A confession: I know only too personally the joy of early onset male pattern baldness. In my case, it crept up just slowly enough for Minoxidil to preserve a few token sprouts. Still, my “early onset” was late twenties, how much more traumatic would it have been if I’d been in my early teens? That’s the predicament facing the title character of this mostly irritating comedy from SNL gagster turned writer-director T. Sean Shannon.

Shannon doesn’t seem to know whether he wants to make a wholesome and small-scale yet over-the-top teen-comedy a la “Napoleon Dynamite” or a more realistic coming of age tale.
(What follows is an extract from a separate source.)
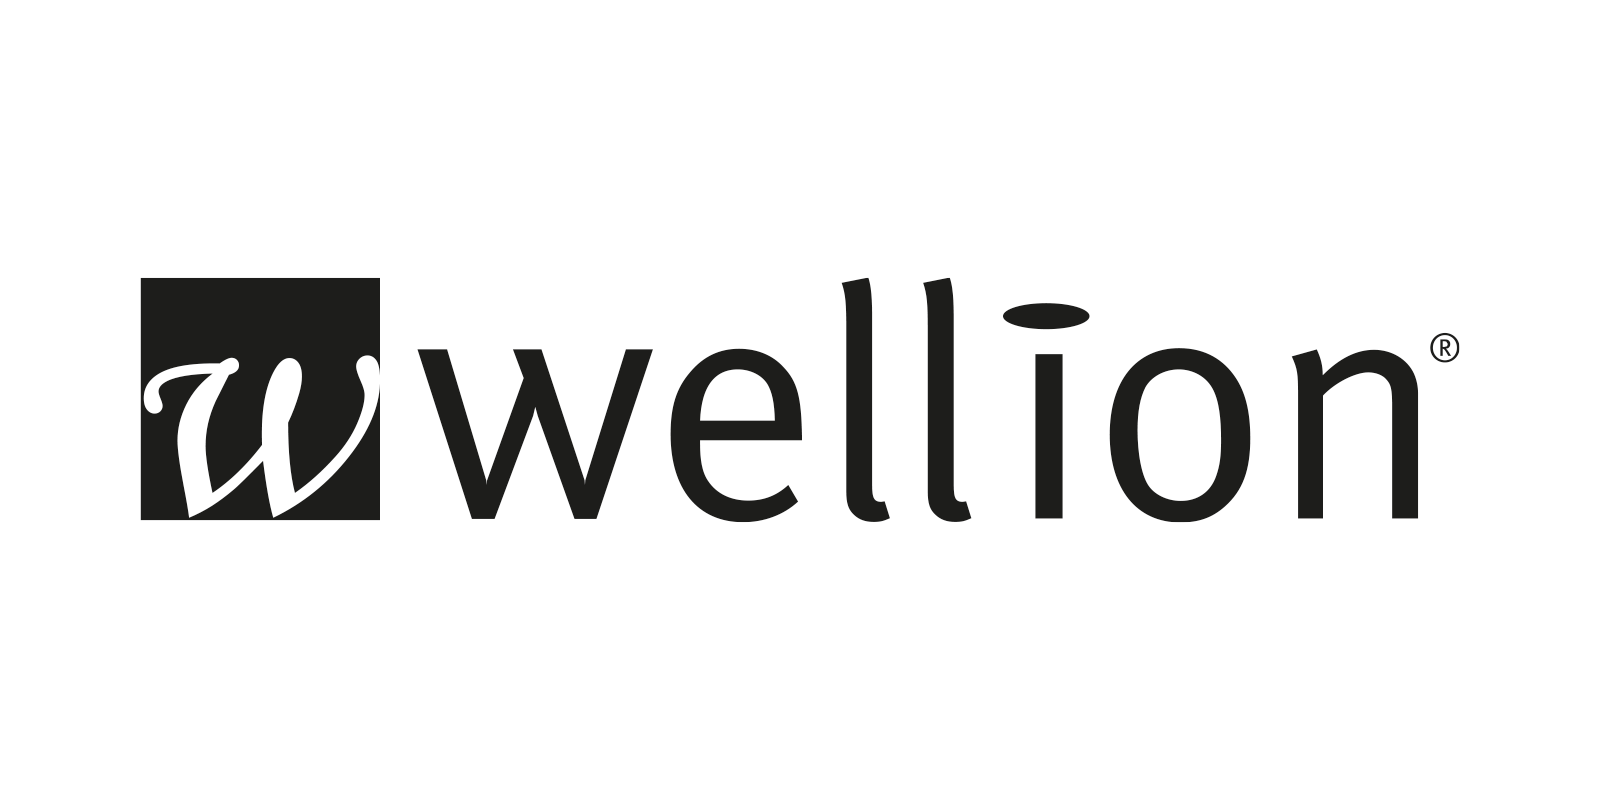 Wellion 1SHOT

He might have done slightly better with the latter because, despite his background, the ratio of good to bad jokes is about 1 to 15, Moreover, as Harold, young Spencer Breslin (Abigail’s big brother) is asked to almost single-handedly carry the movie. The stocky Breslin at times seems to be channeling a young Paul Giamatti in the scenes where he’s supposed to be way-prematurely crochety (apparently, he’s internalized his baldness to some degree), but then lapses into Michael Cera-style deadpan once all the old-guy “Murder She Wrote”/”Matlock” jokes we’ve been hearing for months in regards to John McCain have been exhausted. Unfortunately, neither really works — but it’s clearly not his fault. More experienced costars Ally Sheedy as Harold’s mom and Cuba Gooding, Jr. as his school’s wacky-but-helpful janitor, are equally at sea. Even cameos by such comedy sure things as Fred Willard and Chris Parnell aren’t able to do a whole lot with this unsure, and sometimes downright agonizing, material. While not completely wretched — I laughed several times and things do pick-up slightly in the last reel – in the ranks of coming of age comedies, “Harold” doesn’t really rank at all.